NebulousLabs / Sia

Blockchain-based marketplace for file storage. Project has moved to GitLab: https://gitlab.com/NebulousLabs/Sia
https://sia.tech
MIT License
2.71k stars 440 forks source link

make wallet unlocked by default #778

Closed KlausT closed 8 years ago

KlausT commented 9 years ago

A wallet that's locked by default is generally a bad idea. Lots of people will forget the password and then everything is lost. Locking the wallet should not be done automatically, ever. Let them do it manually.

DavidVorick commented 9 years ago

I understand where you are coming from, but the entire foundational idea is that the data is never unencrypted on disk.

Backing away from that would either require a big design overhaul, or it would require saving the password in some predictable location like password.json

KlausT commented 9 years ago

I'm not talking about the encryted files. It's about the wallet being locked after a restart.

DavidVorick commented 9 years ago

If everything is encrypted on disk, then there's no way to know how to load it on start. You can't decrypt anything until you have the password. It has to be locked at start because there's no secret data on disk for you to load.

The only way to have the wallet be automatically unlocked after a restart is to put unencrypted secret data on disk, which I think is a pretty big security concern.

KlausT commented 9 years ago

So you have to decide what kind of damage is bigger: Stuff being stolen by malware, or stuff being lost because of lost passwords

DavidVorick commented 9 years ago

It's certainly not an easy question to answer. Most people have grown up expecting there to be a 'reset my password' button, and don't like the idea of sharp corners where a misplaced password means loss of all data. I think that as a whole though this is a very weak security construction, and we can already see that it leaves things like the bitcointalk forum vulnerable to social engineering attacks (someone called the datacenter and asked for a password reset - though they were not the admins or the owners, they were granted a password reset and therefore the keys to the bitcointalk kingdom). But we don't want to alienate users by suddenly switching to a forceful security model that they are not familiar with.

Sia is also working really hard to be enterprise friendly, and I think a lot of enterprises would gladly trade the sharp corners for the increased security.

Certainly we need to protect users. Perhaps there are other things we can do to make sure that users have properly stored, written down, or otherwise secured backups of their encryption passwords. One of the things that we do is make the passwords cryptographically secure - too long and complicated to be memorized. We also tell them explicitly to write the password down somewhere.

I think I prefer keeping things always-encrypted, but if you have other ideas for steps we can take to minimize the number of coins lost to forgotten passwords, I'm open to hearing them.

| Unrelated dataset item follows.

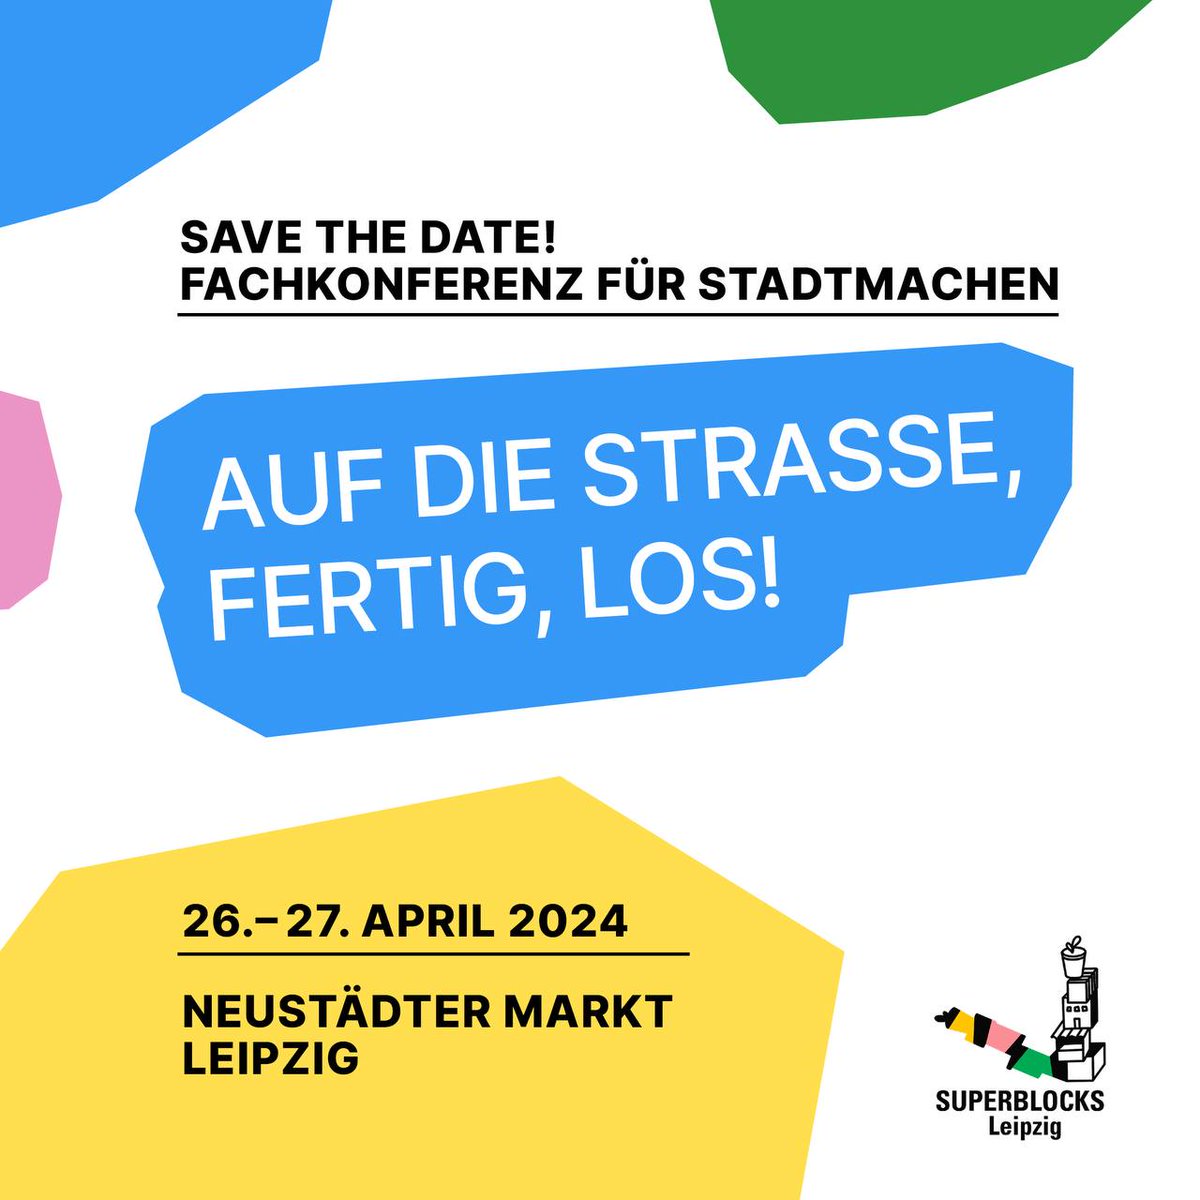 Am 26. und 27. April 2024 findet in Leipzig die Fachkonferenz zum Abschluss des Pilotprojekts “Neue Nähen – Superblocks Leipzig” statt. Programm und Link zur Anmeldung: superblocks-leipzig.de/konferenz-26-2… #superblocks #leipzig #konferenz #leipzigost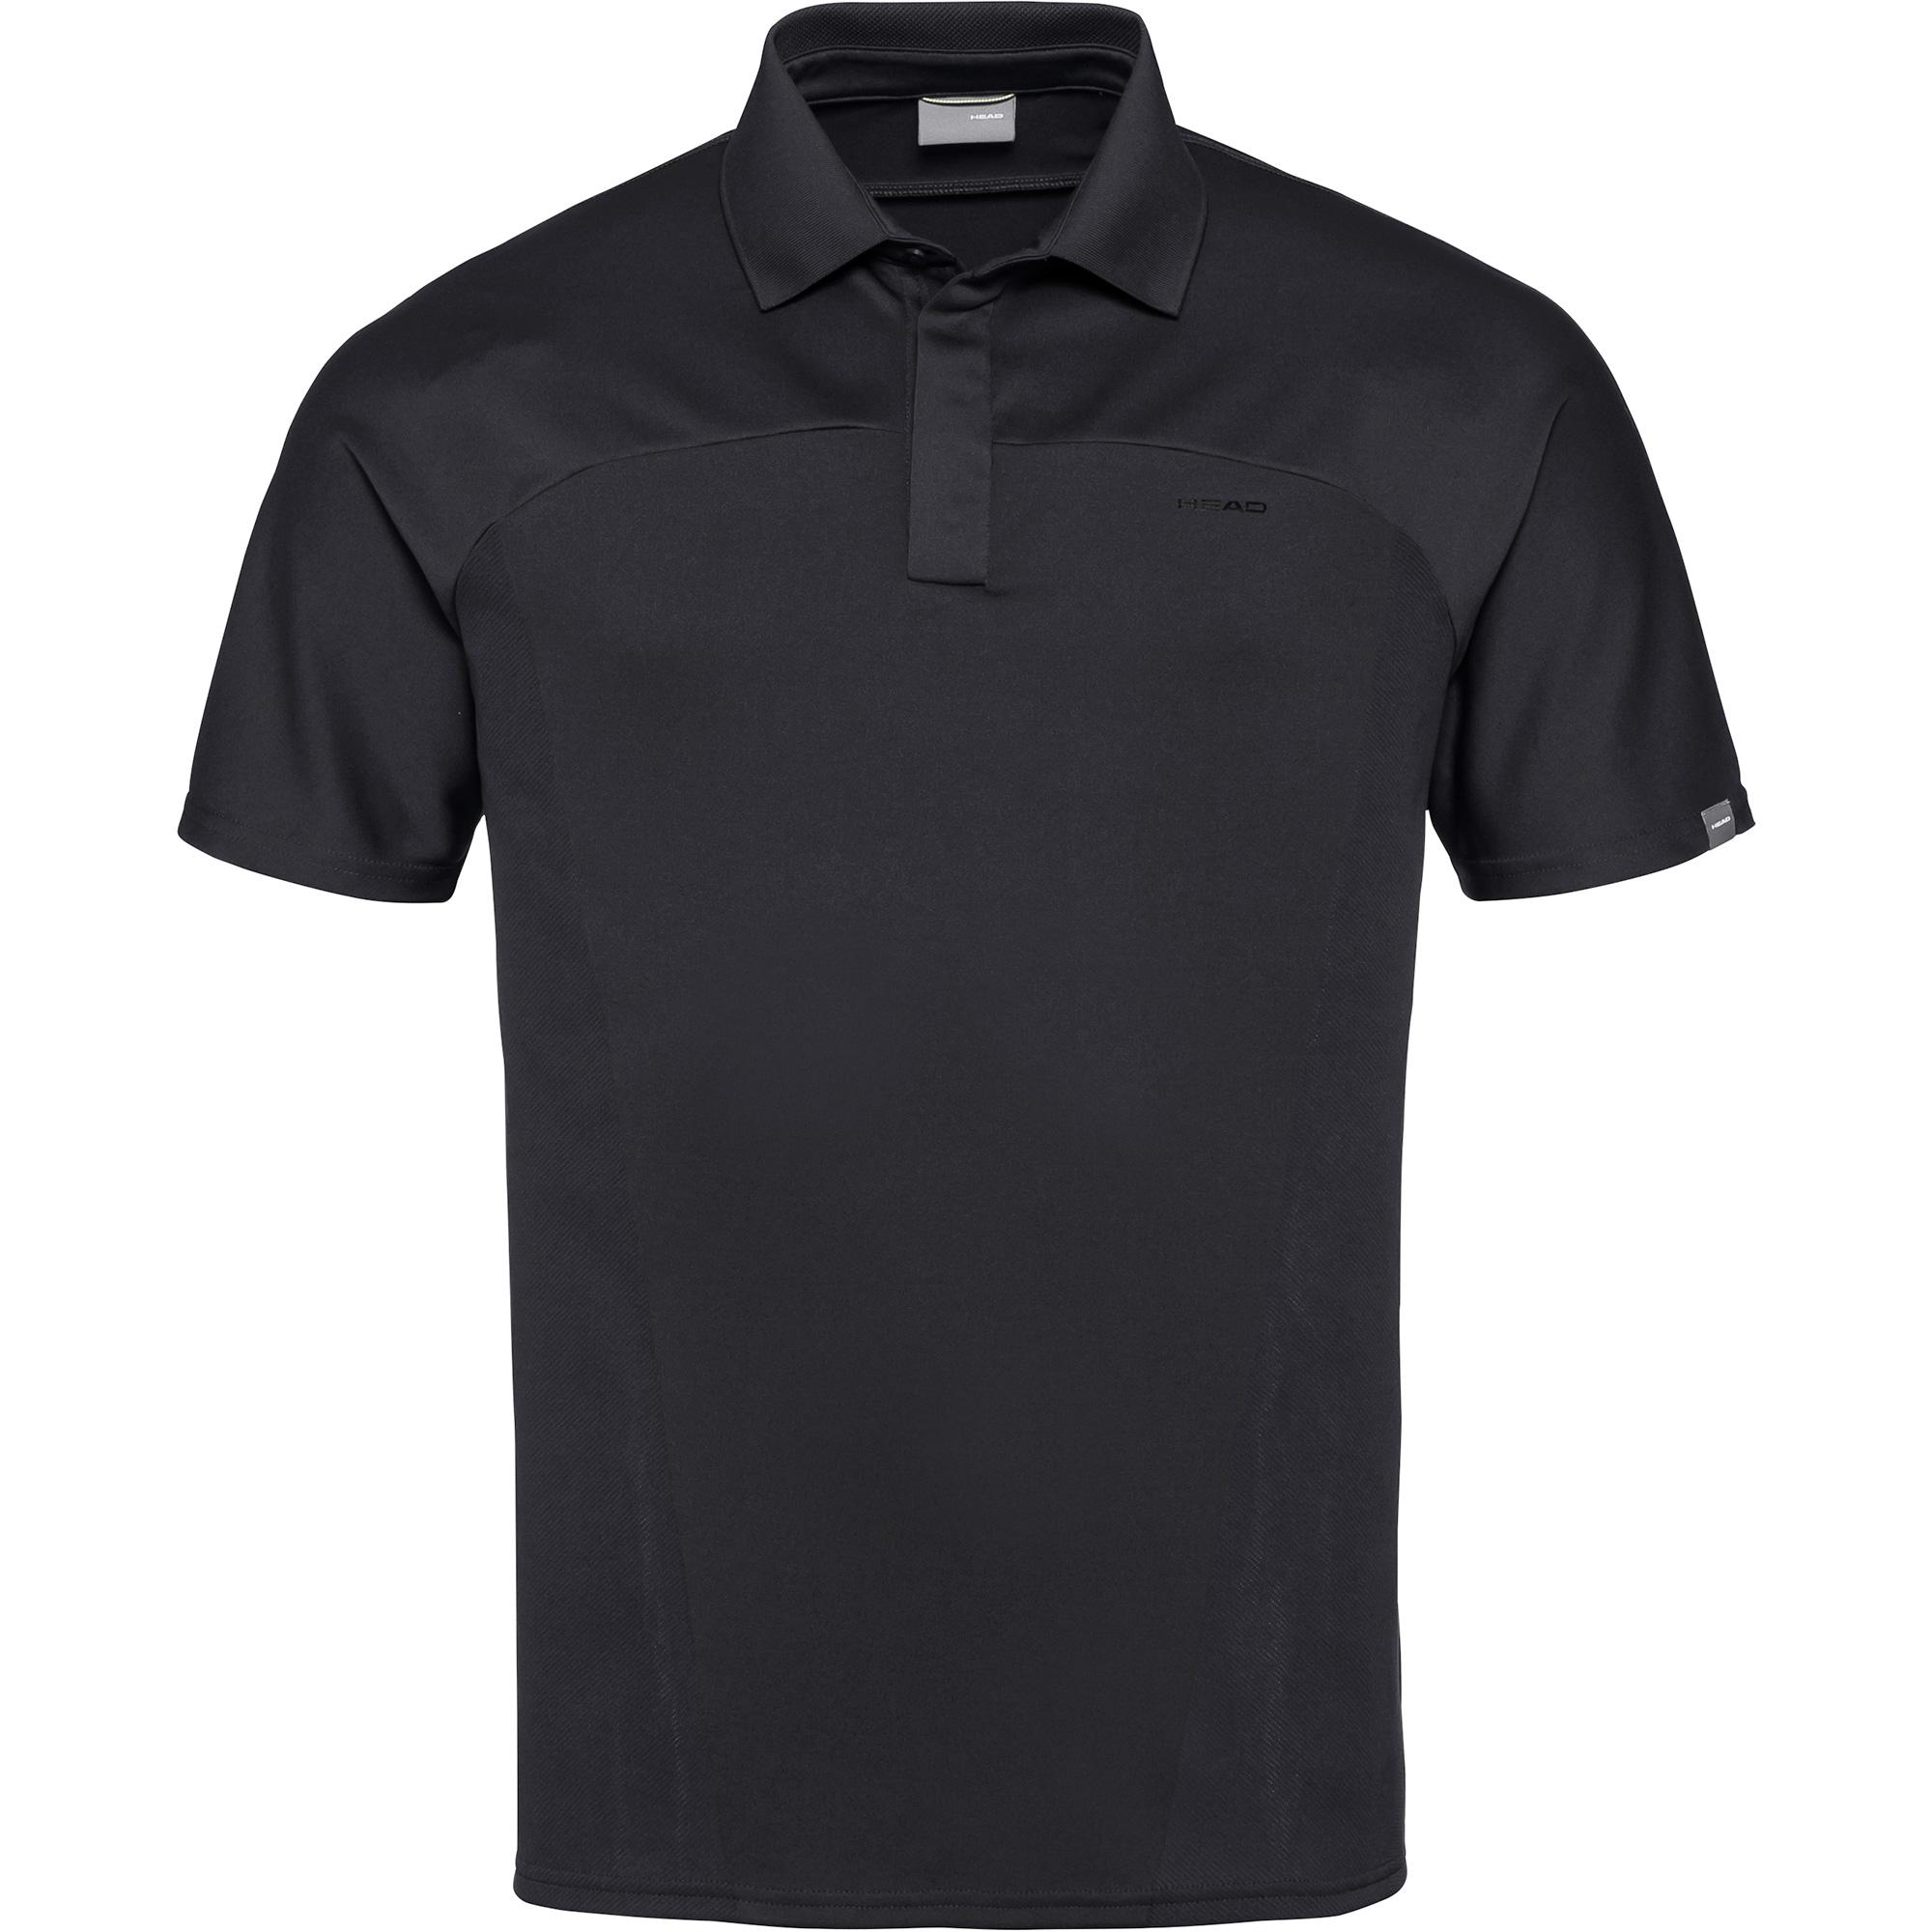 Head Mens Performance Polo Shirt - Black - Tennisnuts.com

I wonder if there are other coins with good solutions to this problem. For example, Nxt suffers from the same issue - forget your password and you lose your coins forever. So there is a definite precedent for sharp corners in the altcoin industry.

KlausT commented 9 years ago

Yeah. Right now I can't see a solution to have both bullletproof security and userfriendlyness at the same time. That's probably not possible.

DavidVorick commented 9 years ago

So, there's sort of a middleground solution.

Right now, there's a double-whammy of the wallet being locked at startup, AND the balance displaying as 0 until the wallet is unlocked. The wallet must be locked at startup, but we can at least make the balance readable at startup. So that's the direction this issue is taking: display a balance at startup.